REFLEX OR REFLECTION
Digital conversation often occurs at lightning speed. “I sent her eight texts, and I’ve heard nothing back for an hour,” remarked one annoyed student. The cultural expectation to check your screen upon receiving a message (often interrupting another task or conversation) and to respond immediately is considerable. This immediacy in conversation is refreshing, as you are not left to wonder what the other person is thinking. Receiving an answer right away lowers uncertainty, and lowering uncertainty lowers anxiety. Avoidance of anxiety is one of the driving forces behind the addictive quality of digital communication.

However, the immediate response, or the reflex reaction, also tends to eliminate reflection. Taking time to reflect on what you’ve heard or read gives you time to sort out your feelings. Integrating your thoughts and feelings is essential for meaningful conversation.

SHORT IS NOT ALWAYS SWEET
Digital conversation lacks what Sherry Turkle calls the “humanizing” element of face-to-face communication. In her book “Reclaiming Conversation: The power of talk in a digital age,” Turkle says that digital conversations allow things to be said that we would never have the nerve to say in person.

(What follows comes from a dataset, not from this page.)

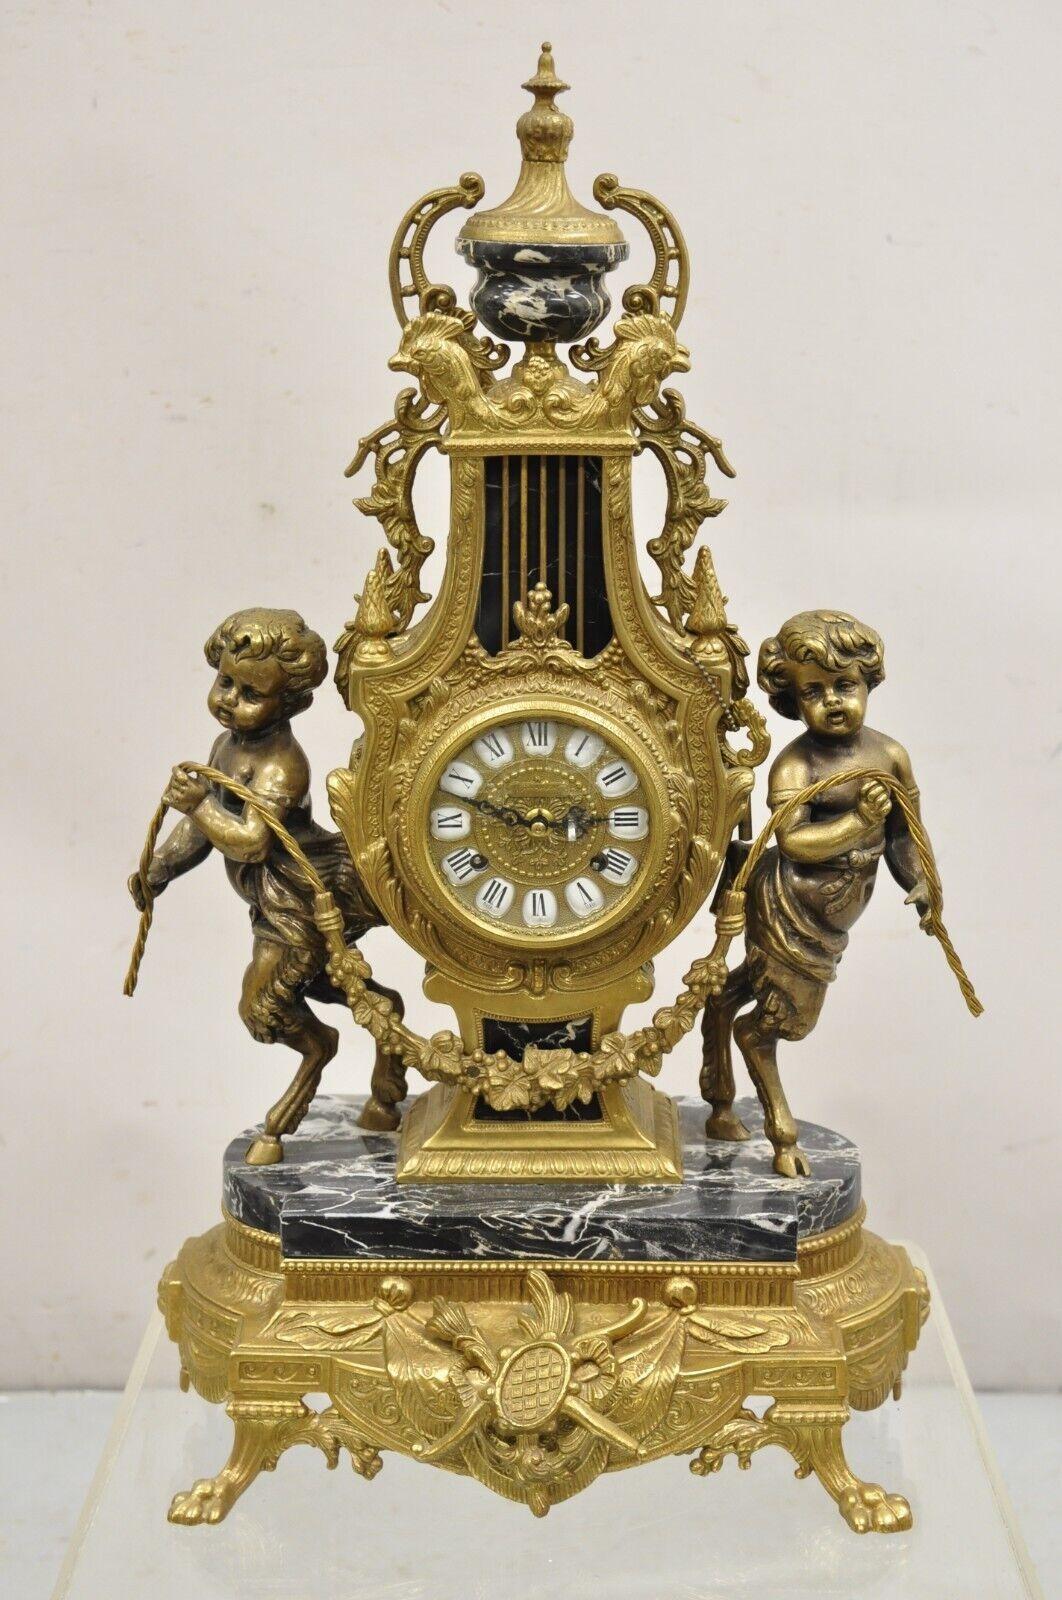 Vintage Französisch Louis XV Stil Brevetatto Italien Messing & Marmor Figural Clock Set - 3 Pc Set. Der Artikel besteht aus einer verzierten figuralen Uhr mit Huf-Fuß-Perlen und schwarzen Marmor-Akzenten, 2 verzierten Kerzenleuchtern mit 7
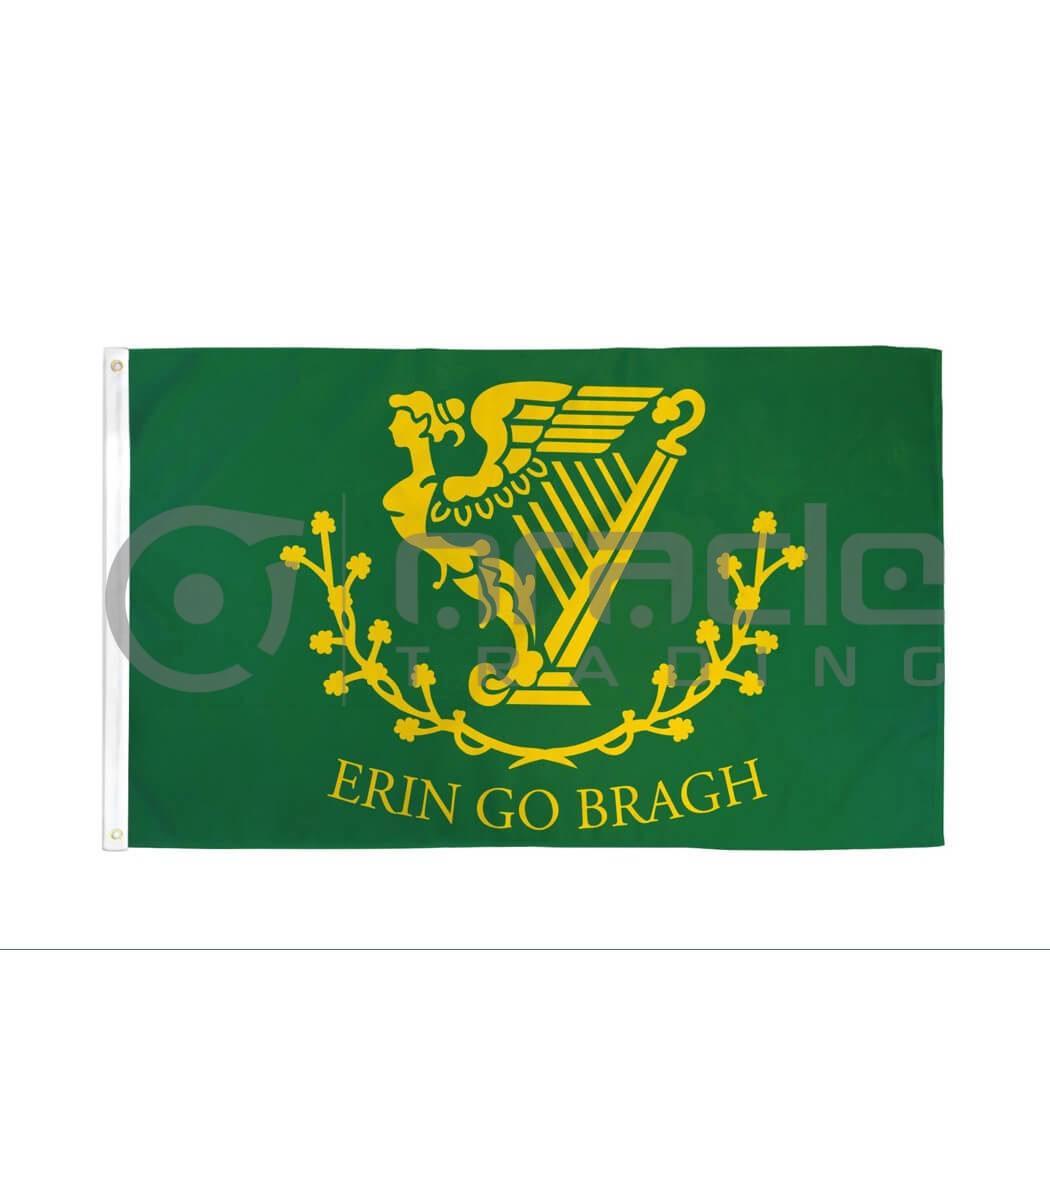 Large 3'x5 Erin Go Bragh Flag

This frankness has real value, as when a bystander speaks up to challenge abuse. However, communication without personal presence or first-hand ownership of the message fosters cyberbullying at worst, and at best fails to nurture empathy. Our lives need more empathy.

DO YOU LIKE ME?
Digital communication and our devices provide that “ping” that tells us a message is waiting for us. Perhaps more importantly, that ping tells us that someone is thinking about us, someone cares.

Margaret Wehrenberg and Steven Prinz, authors of “The Anxious Brain,” have noted that each ping, chirp or beep gives us a jolt of adrenaline. This is so rewarding that it fosters an addiction to our devices. Separation from our devices can evoke withdrawal-like symptoms.

A quiet phone becomes the equivalent of being unloved. Ivan Pavlov and his dog that salivated at the sound of a bell have nothing on Twitter, Facebook, Instagram and SnapChat when it comes to influencing our behavior. Self-esteem is too important to be measured by the number of “likes” or pings we receive. Esteem is stronger when the message is experienced seeing eye to eye and touching hand to hand.

SAY WHAT??
Meaningful conversations typically convey both information and emotion. Emotions can be challenging to understand, and we often need to combine words, tone of voice, nonverbal behavior and eye contact to appreciate accurately how another person is feeling.

The one-dimensionality of digital conversation handicaps our understanding of emotions. The addition of emojis, emoticons and even an Instagram or Facebook photo may add little clarity. If the words and icons seem contradictory, the reader may wonder whether to laugh, be insulted, feel included or excluded, or what?

Digital communication does not lend itself to conveying subtle or complex emotions, the stuff of real conversation.

Moreover, digital communication does little to help individuals gain comfort with real-time emotions exchanged in face-to-face conversation. Digital communication avoids the messiness and anxiety of dealing with emotions. Turkle observes that our increased reliance on digital communication reflects a “flight from conversation – at least conversation that is open-ended and spontaneous, conversation in which we play with ideas, in which we allow ourselves to be fully present and vulnerable.”

What you have to say is important. How you choose to say it and what medium you use may create either great conversation or great confusion.